Open MPI logo

Open MPI Development Mailing List Archives

  |   Home   |   Support   |   FAQ   |   all Development mailing list

Subject: Re: [OMPI devel] v1.5 r25914 DOA
From: Eugene Loh (eugene.loh_at_[hidden])
Date: 2012-02-22 18:12:42


On 02/22/12 14:54, Ralph Castain wrote:
> That doesn't really address the issue, though. What I want to know is:
> what happens when you try to bind processes? What about
> -bind-to-socket, and -persocket options? Etc. Reason I'm concerned:
> I'm not sure what happens if the socket layer isn't present. The logic
> in 1.5 is pretty old, but I believe it relies heavily on sockets being
> present.
Okay. So,

*) "out of the box", basically nothing works. For example, "mpirun
hostname" segfaults.

*) With "--mca orte_num_sockets 1", stuff appears to work.

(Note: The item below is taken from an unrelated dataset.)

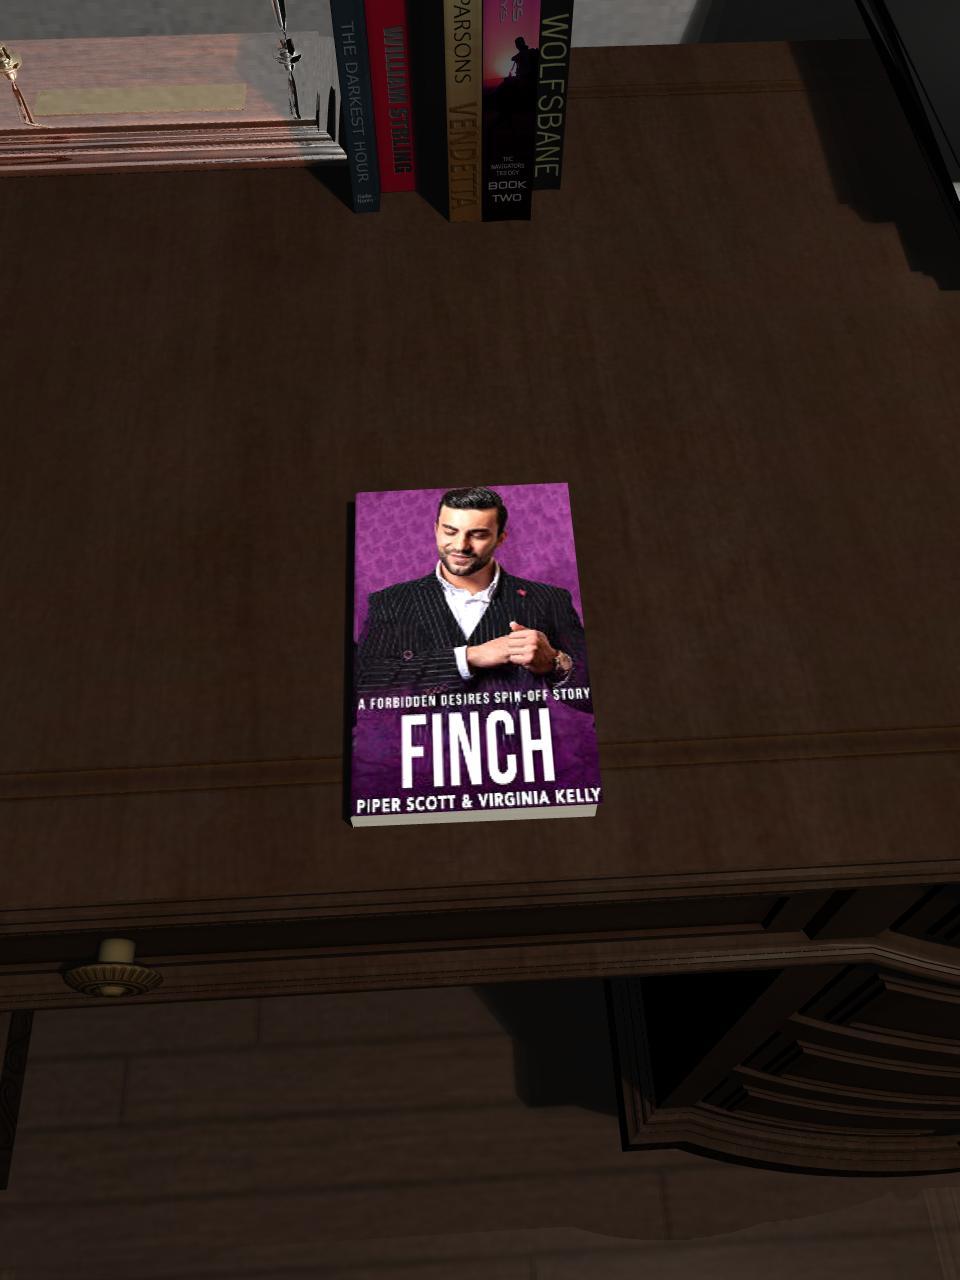 Finch: A Forbidden Desires Spin-OffStory
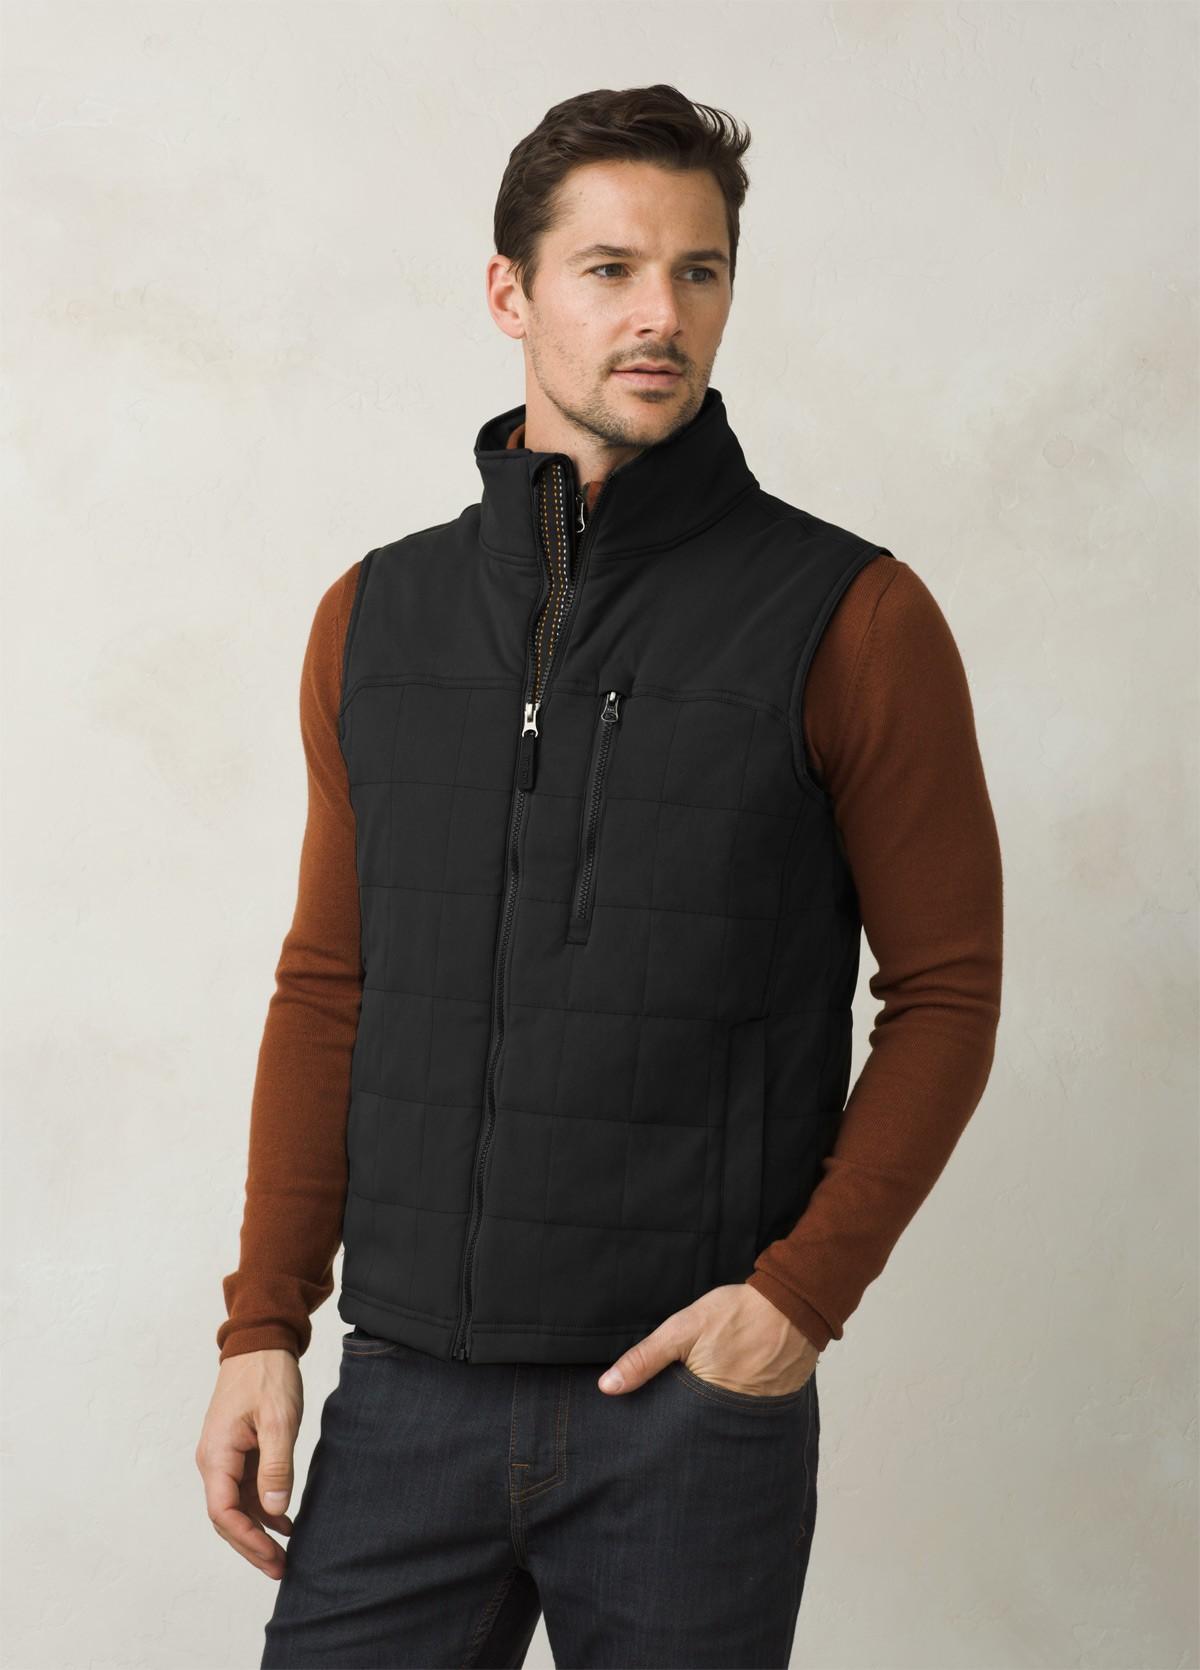 vest for men view larger image xgyvwtc

*) With "--mca orte_num_sockets 1" and adding either "--bysocket
--bind-to-socket" or "--npersocket <n>", I get:

--------------------------------------------------------------------------
Unable to bind to socket -13 on node burl-ct-v20z-10.
--------------------------------------------------------------------------
--------------------------------------------------------------------------
mpirun was unable to start the specified application as it encountered
an error:

Error name: Fatal
Node: burl-ct-v20z-10

when attempting to start process rank 0.
--------------------------------------------------------------------------
2 total processes failed to start

So, I hear Brice's comment that this is an old kernel. And, I hear what
you're saying about a "real" fix being expensive. Nevertheless, to my
taste, automatically setting num_sockets==1 when num_sockets==0 is
detected makes a lot of sense. It makes things "basically" work,
turning a situation where everything including "mpirun hostname"
segfaults into a situation where default usage works just fine. What
remains broken is binding, which generates an error message that gives
the user a hope of making progress (turning off binding). That's in
contrast from expecting users to go from

% mpirun hostname
Segmentation fault

to knowing that they should set orte_num_sockets==1.